JPMorgan Can’t Appeal Class Status in Stable Value Spat

Employee Benefits News examines legal developments that impact the employee benefits and executive compensation employers provide, including federal and state legislation, rules from federal...

By Jacklyn Wille

JPMorgan couldn’t convince a federal appeals court to review a decision forcing the company to defend a class action challenging its stable value funds ( In re JPMorgan Stable Value , 2d Cir., No. 17-01091, order denying leave to appeal 6/27/17 ).

The U.S. Court of Appeals for the Second Circuit on June 27 denied JPMorgan Chase & Co.'s request for an immediate appeal of a decision granting class action status to thousands of workers who invested their retirement savings in the company’s stable value funds. The court’s one-paragraph order said only that “an immediate appeal is unwarranted” in this case.

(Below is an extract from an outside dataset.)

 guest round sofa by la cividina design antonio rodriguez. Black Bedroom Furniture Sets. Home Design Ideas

Stable value funds—which are meant to be conservative, low-risk options that protect against interest rate volatility—have become a flashpoint in litigation under the Employee Retirement Income Security Act. Retirement plan sponsors including Anthem Inc., Chevron Corp., and Insperity Inc. have been sued—unsuccessfully—for failing to include stable value funds in their investment lineups. Other lawsuits have targeted the companies that offer and manage stable value funds, with cases pending against Massachusetts Mutual Life Insurance Co. and Prudential Retirement Insurance & Annuity Co. Two companies— CVS Health Corp. and Fidelity Management Trust Co.—recently defeated lawsuits challenging their stable value practices, and a magistrate judge recommended dismissing a similar case against a subsidiary of Principal Financial Group Inc.

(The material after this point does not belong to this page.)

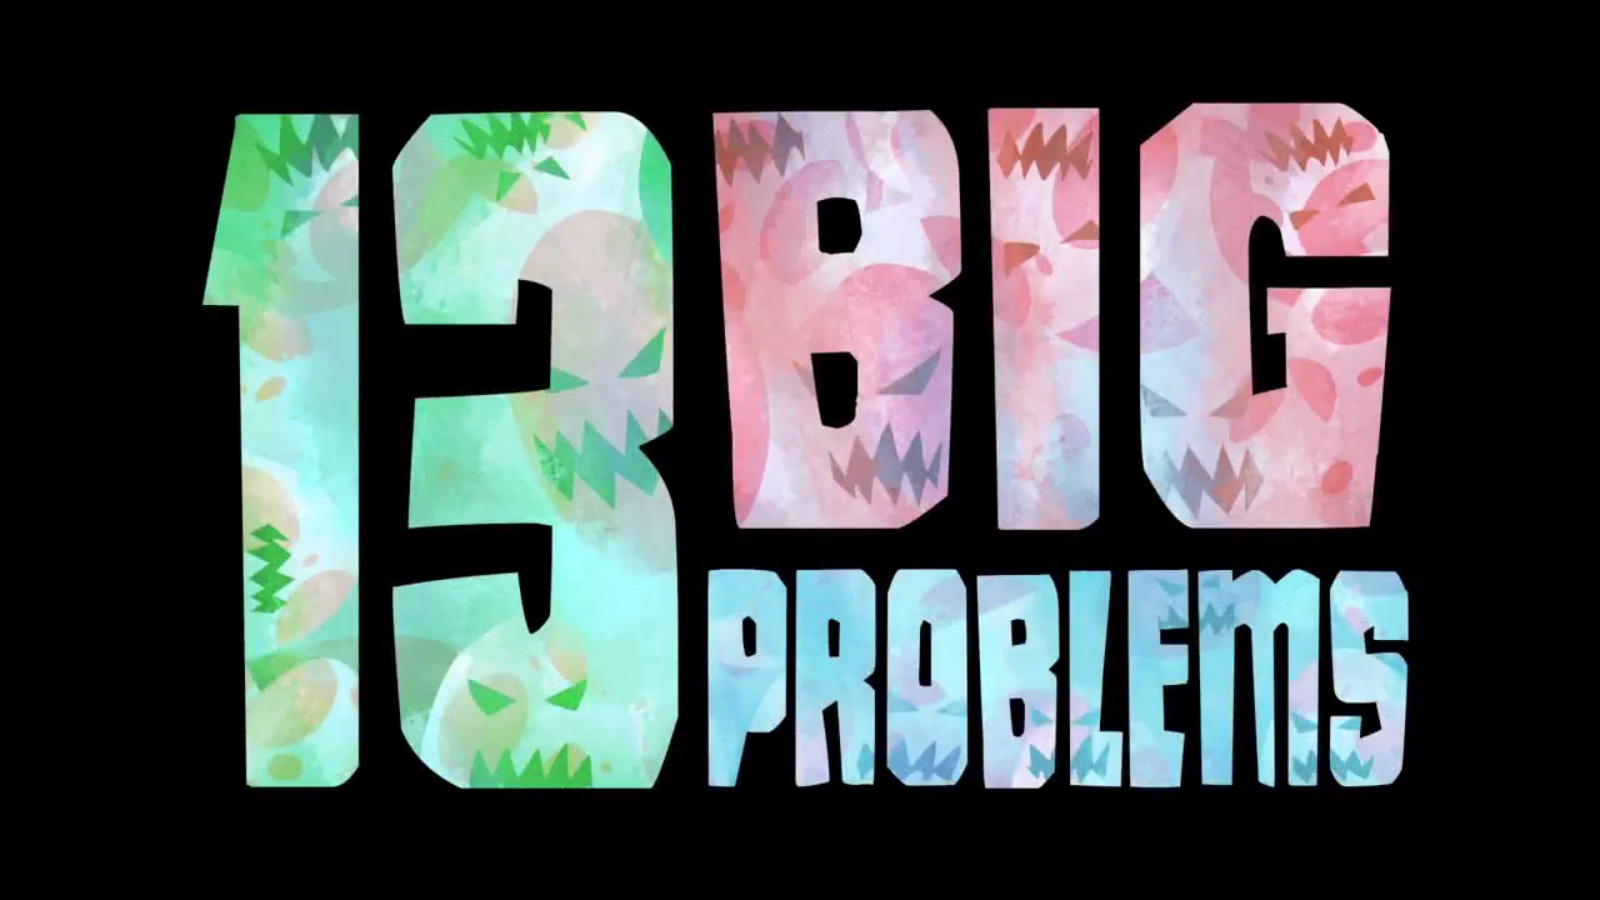 13 Big Problems

The lawsuit against JPMorgan accuses the company of mismanaging its stable value funds by overinvesting them in risky mortgage-related assets. Investors challenged the company’s decision to invest 78 of its stable value funds in a proprietary bond fund tied to “risky, highly-leveraged assets,” including mortgage-backed securities. The investors painted this strategy as imprudent, claiming that it caused losses that ultimately drove down the crediting rates that determined the return they received on their investments.

The Second Circuit’s decision was issued by Judges Robert D. Sack, Peter W. Hall, and Christopher F. Droney.

Morgan, Lewis & Bockius LLP represents JPMorgan. Kennedy & Madonna LLP represents the investors.